◆ Exercise directions ◆
Please repeat exactly the lines below from the line with "B1727. The art" to the line with "Montagnes enneigées sur", including both, and leave out every picture.

◆ Record set ◆
--- START ---

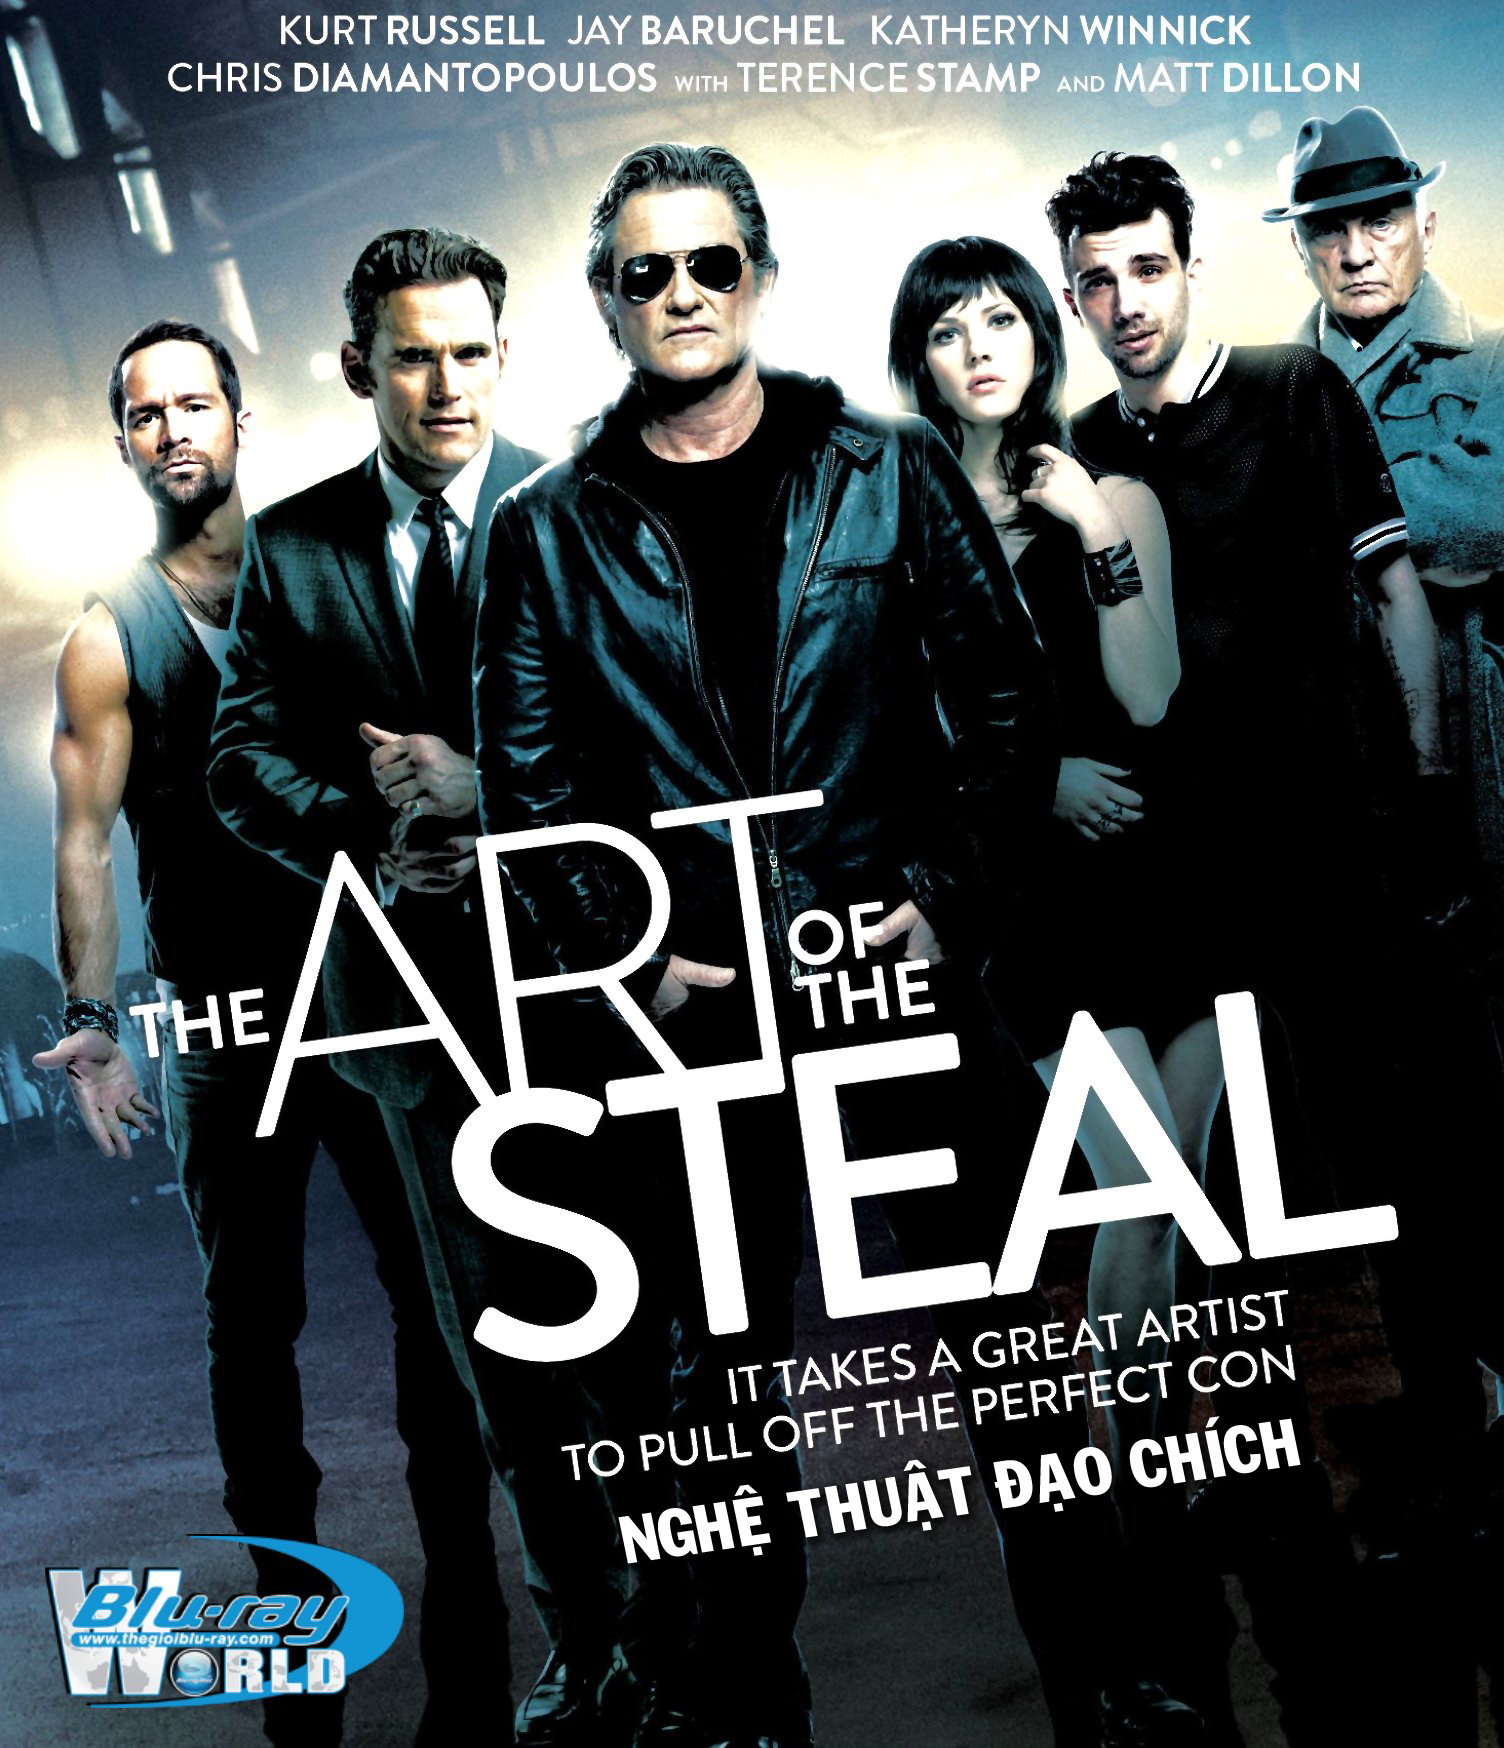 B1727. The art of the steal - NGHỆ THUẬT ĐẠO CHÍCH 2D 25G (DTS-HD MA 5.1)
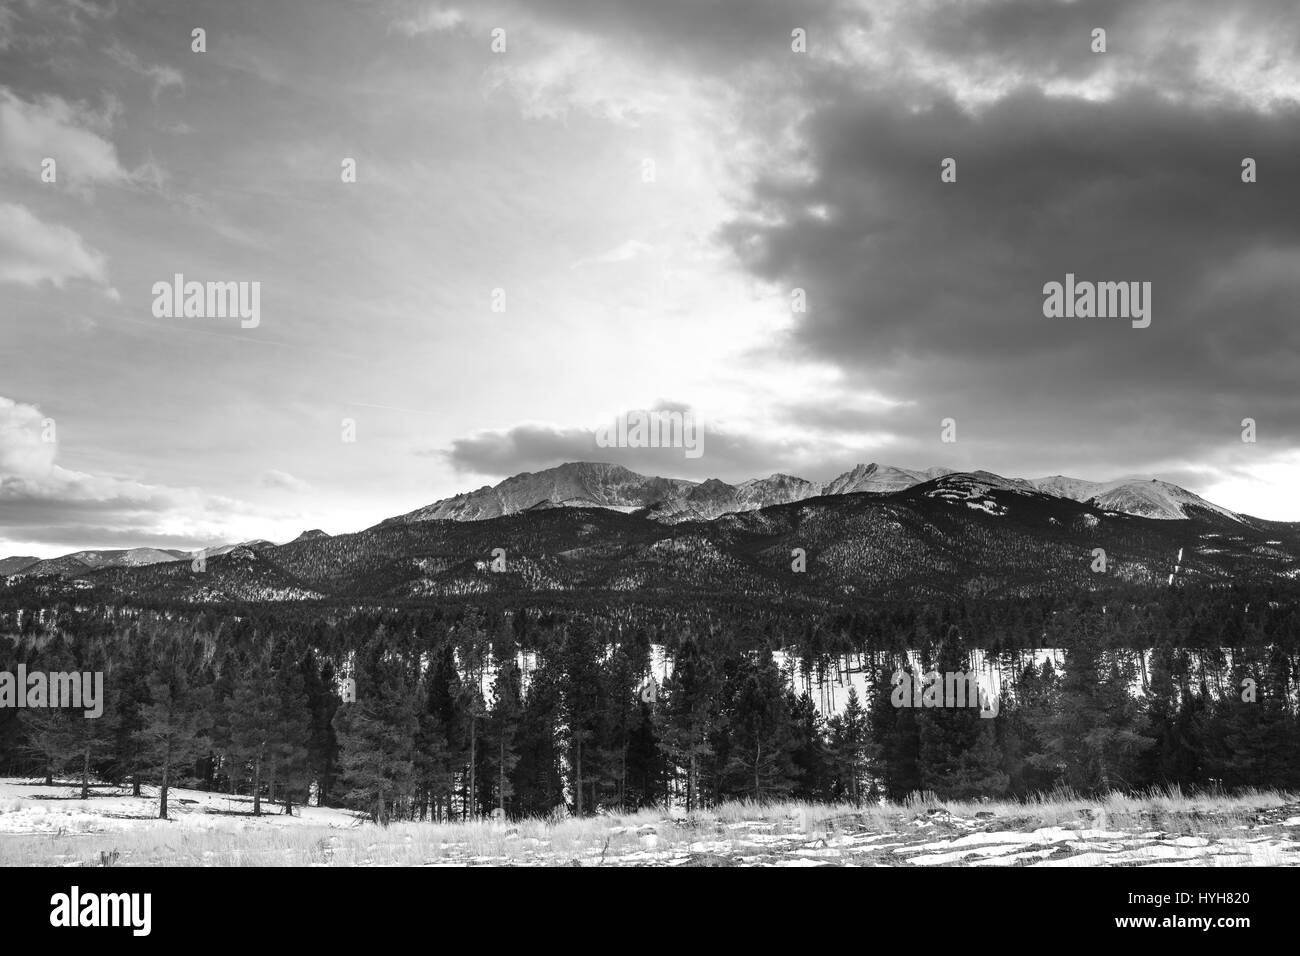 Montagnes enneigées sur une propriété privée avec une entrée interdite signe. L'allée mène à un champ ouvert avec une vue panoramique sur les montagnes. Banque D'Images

--- END ---
--- START ---

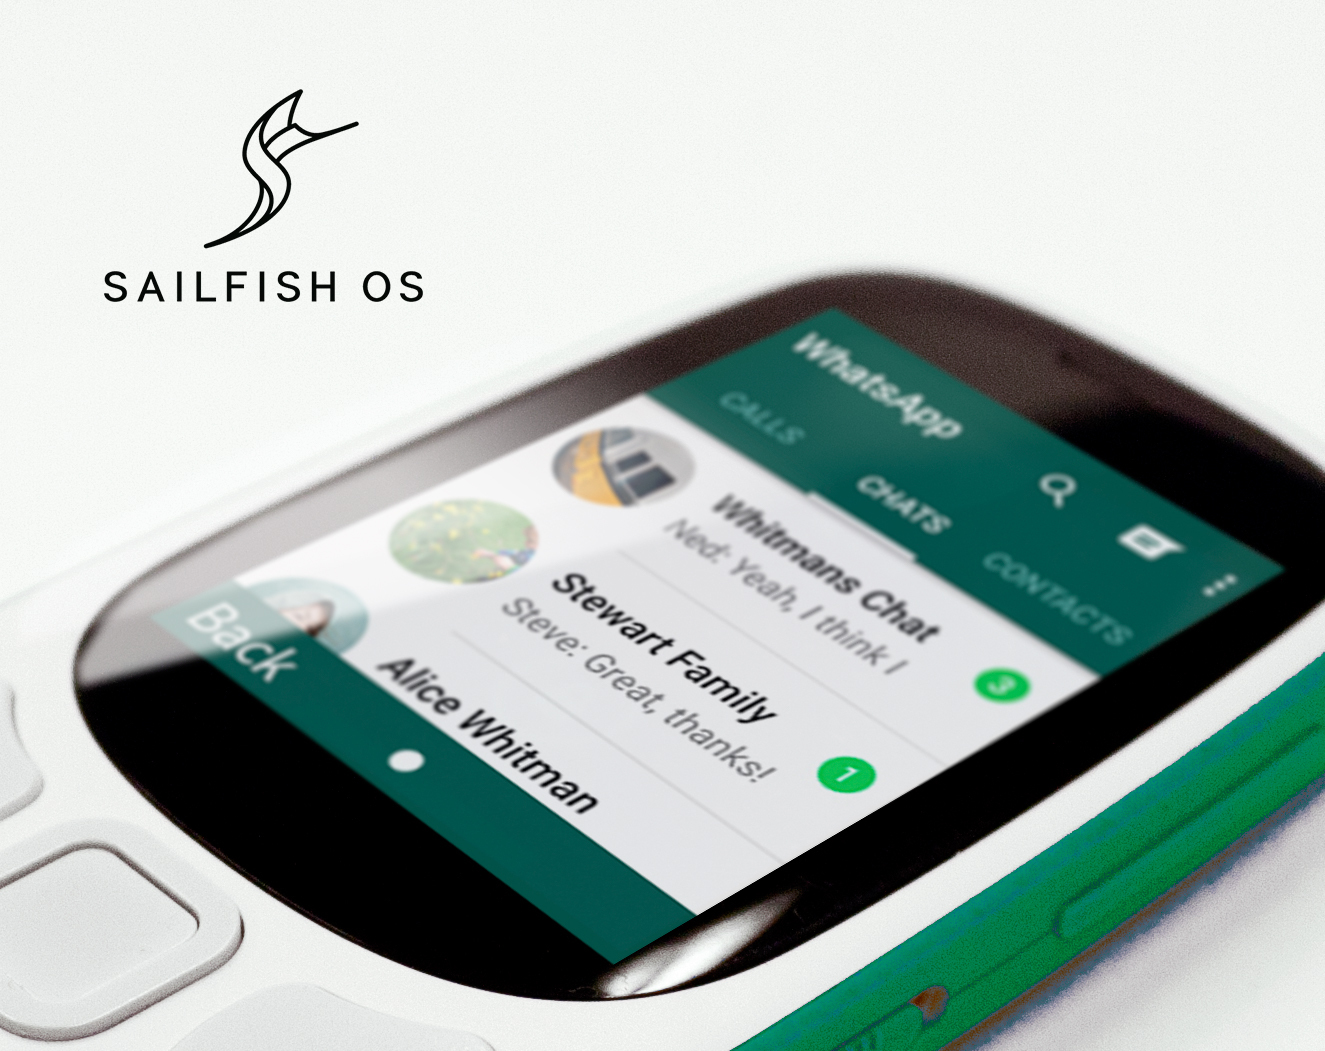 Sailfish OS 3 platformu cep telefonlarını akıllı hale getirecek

--- END ---

◆ Result of this task ◆
 B1727. The art of the steal - NGHỆ THUẬT ĐẠO CHÍCH 2D 25G (DTS-HD MA 5.1)
 Montagnes enneigées sur une propriété privée avec une entrée interdite signe. L'allée mène à un champ ouvert avec une vue panoramique sur les montagnes. Banque D'Images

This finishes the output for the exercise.